Lunch is always plain unpolished white rice with a soupy sauce of dal
and a vegetable. About once a week there is a special meal at the orphanage,
as it is the custom among the Hindus to do some charitable deed on certain
occasions like birthdays, wedding anniversaries, and anniversaries of
the parents' death. The family who makes the donation often come to eat
with us or at least to greet Ram Sadhu. However, the Sadhu and Annaji
never eat the special food from these occasions as it has extra oil or
ghee. Or it may contain onion or garlic, both of which are considered
counter-productive to a meditative life.
Ram Sadhu insists that his diet of rice, dal and vegetable is essential
to meditation. "If you want it know a person's mind, watch what he
eats," he declares.
One evening, I cross the river and walk west down the south bank. I pass
wide expanses of rice fields when I come to a tiny village where the women
and children throng to gape at the stranger. They attempt to speak to
me, but I have to give them my usual "Tamil idliya."

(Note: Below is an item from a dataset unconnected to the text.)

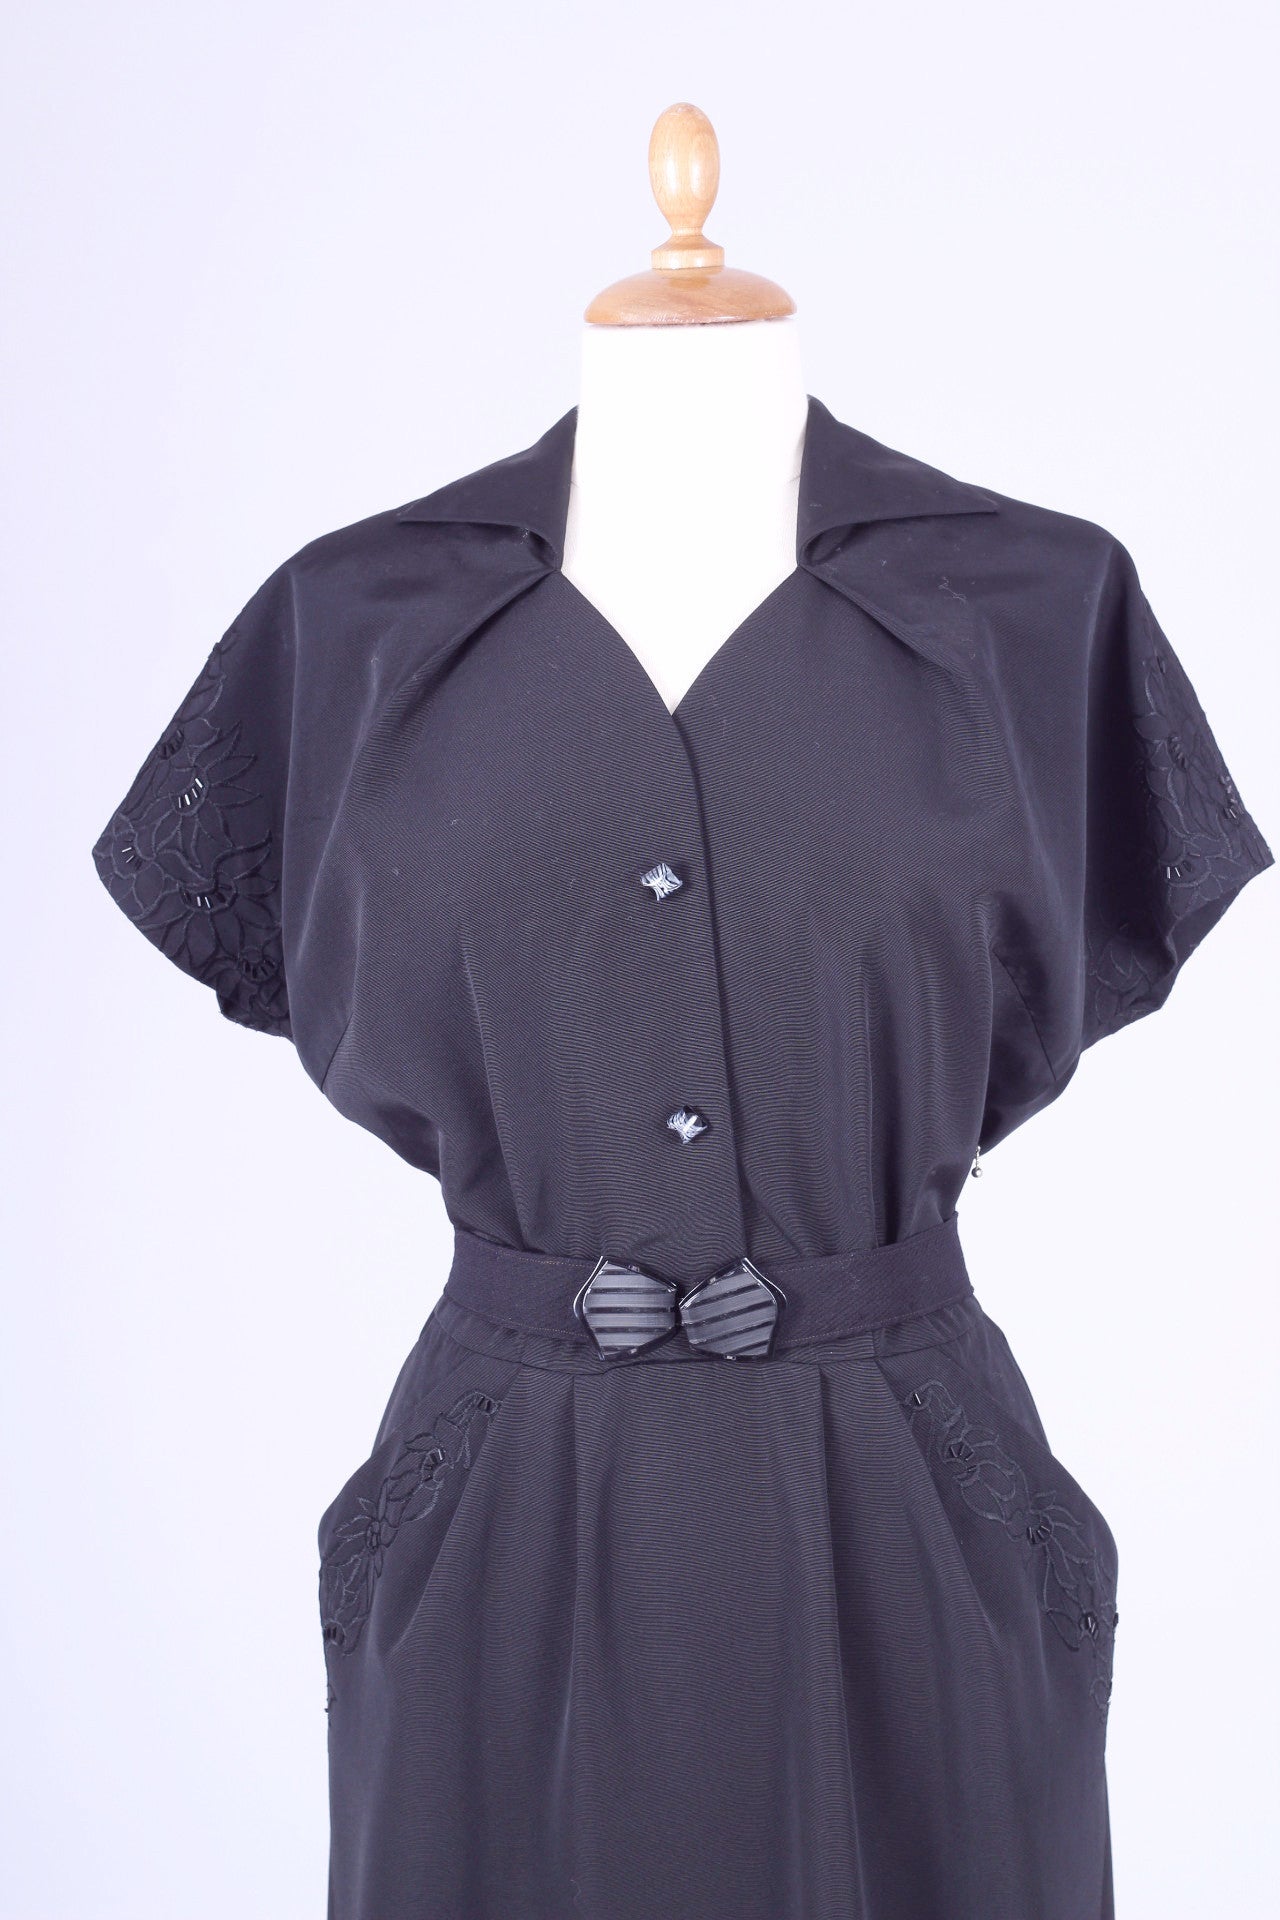 Sort kjole med perlebroderi 1950. L

A young man, who is standing down the path a short distance , is called
over. He speaks enough English to ask what I am doing here, which is really
all they want to know. I explain that I am simply walking, enjoying the
beauty of the "pu" and "pakshi." (I
have to show off the few Tamil words I know.) When he explains to the
women, they are all smiles, seeming to approve of my interest in the "flowers"
and "birds." Their huts are built off in a group to one side,
not lined along the dirt road track, which is the usual custom here.
I continue walking until I come across a lovely banyan tree, an incredulous
sight of a holy maze. This variety of banyan forms roots on the branches
that eventually reach the ground and start another tree, until one cannot
discern where one tree ends and the other begins. The Hindus hold this
tree sacred, and often a platform or altar has been built under it. Here
there is a huge raised platform made of granite stone and cement. Walking
up the steps, I see several small stone chapels: one contains an image
of Hanuman, a devotee of Rama who was the hero in the Ramayana.
Another enshrines Kali, the Mother Time who laps up one and all in the
end. The awesome black Kali with her necklace of skulls is not worshipped
out of fear, but is invoked to help in removing obstacles or any negative
forces. In her case, she is dancing on her consort, the masculine energy
that empowers her dance of creation and death. The platform is bordered
with a three-foot wall, most of which is edged with metal spears. Each
shaft is tied with a red rag and topped with a green nimbu (lime).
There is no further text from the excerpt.